FluechtlingeBriefmarke.pngWenn Hilfesuchende in den Flüchtlingsheimen angegriffen werden, beschämt es uns alle. Nicht nur, weil es beweist, dass wir die Menschen nicht effektiv schützen können. Es ist auch beängstigend, Mitmenschen unter uns zu haben, die vor solch gemeiner Gewalt nicht zurückschrecken.

Auch in Essen werden Menschen in den Flüchtlingsheimen immer wieder angegriffen.



Inhaltsverzeichnis

März 2014: Erneut Anschlag mit Schleuder

NRZ, 22.03.2014 Erneuter Anschlag auf Asyl-Heim

NRZ20140322-AngriffAufHeim.png

NRZ / Essen,Samstag, 22.03.2014

Erneuter Anschlag auf Asyl-Heim

Unbekannte beschossen die Notunterkunft in Frintrop zum wiederholten Mal mit Metallkugeln. Der Staatsschutz ermittelt wegen versuchter gefährlicher Körperverletzung. Die Polizei sucht dringend Zeugen


Von Jörg Maibaum

Die umstrittene Notunterkunft für Flüchtlinge in Frintrop ist zum wiederholten Male zum Ziel eines fremdenfeindlichen Anschlags geworden: Unbekannte haben am Donnerstagvormittag vermutlich mit einer Zwille Metallkugeln auf die ehemalige Walter-Pleitgen-Schule an der Straße Im Neerfeld abgefeuert.

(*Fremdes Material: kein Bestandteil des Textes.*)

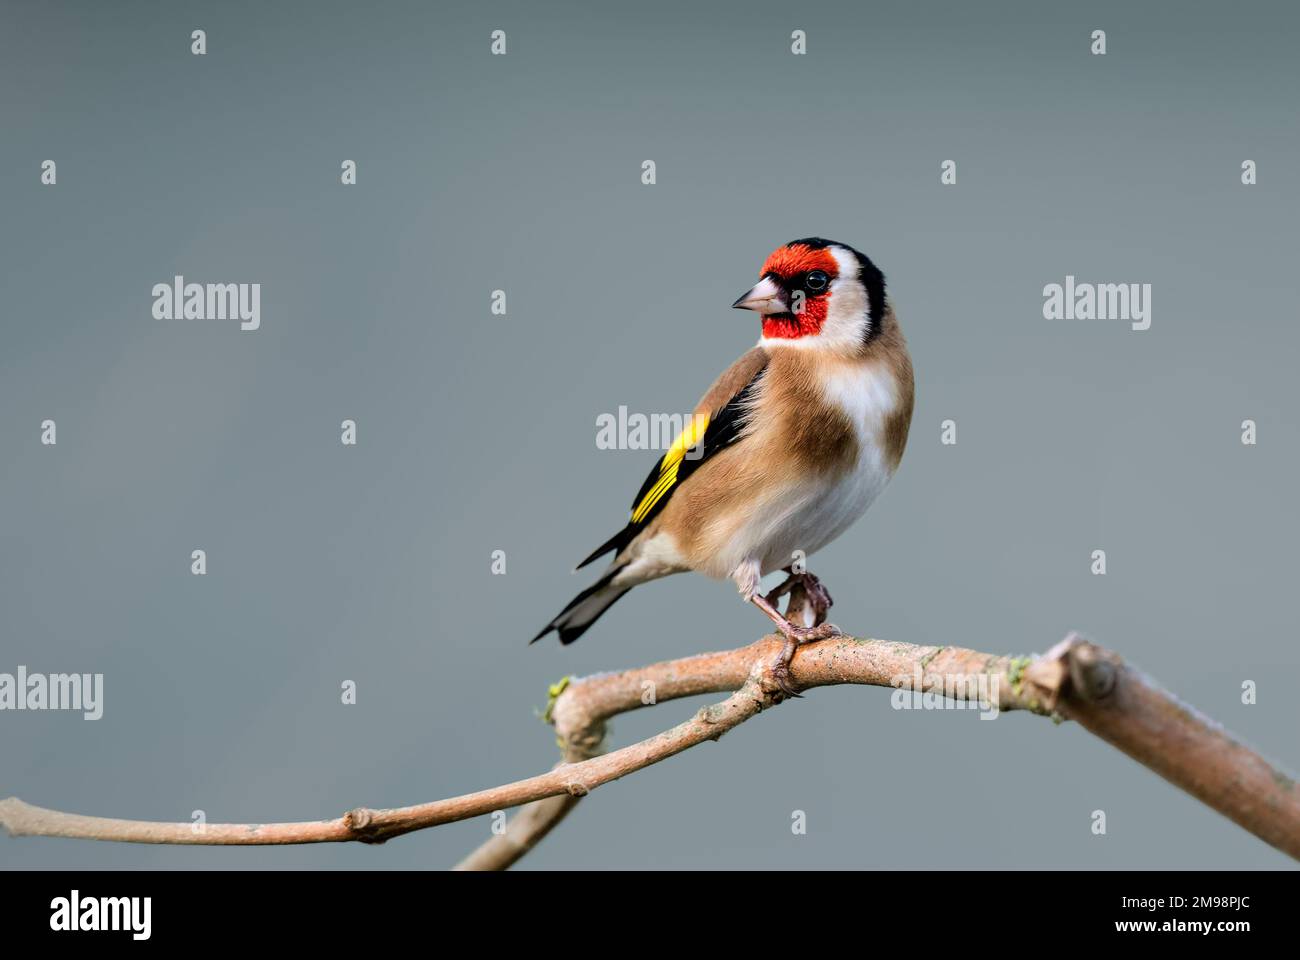 Nahaufnahme eines einzelnen Goldfinchs, der auf einem Ast mit glattem, sauberem Hintergrund steht Stockfoto

Selbst die Anwesenheit alarmierter Polizisten machte keinen Eindruck auf den oder die Täter: Als die Beamten den Tatort auf Spuren untersuchten, schlug ganz in ihrer Nähe eine Schraubmutter ein. Jetzt ermittelt der Staatsschutz unter anderem wegen einer möglichen versuchten gefährlichen Körperverletzung, berichtete die Polizei gestern. Durch die Geschosse wurde zum Glück niemand verletzt. Es gingen allerdings einige Scheiben des Gebäudes zu Bruch.

Die Täter sind unbekannt
Es ist der mittlerweile dritte Angriff auf die Einrichtung inmitten eines Wohngebiets: Bereits im Oktober zerstörten Unbekannte mit aus einer Zwille abgeschossenen Stahlteilen mehrere Fenster des Hauses. Arbeiter entdeckten die ersten Schäden am 18. Oktober. Drei Tage später wurde erneut auf das Gebäude geschossen. „Glücklicherweise durchschlug das Metall nicht die Scheiben, da mit schweren Verletzungen etwaiger getroffener Menschen zu rechnen wäre“, hieß es in einem entsprechenden Bericht der Polizei.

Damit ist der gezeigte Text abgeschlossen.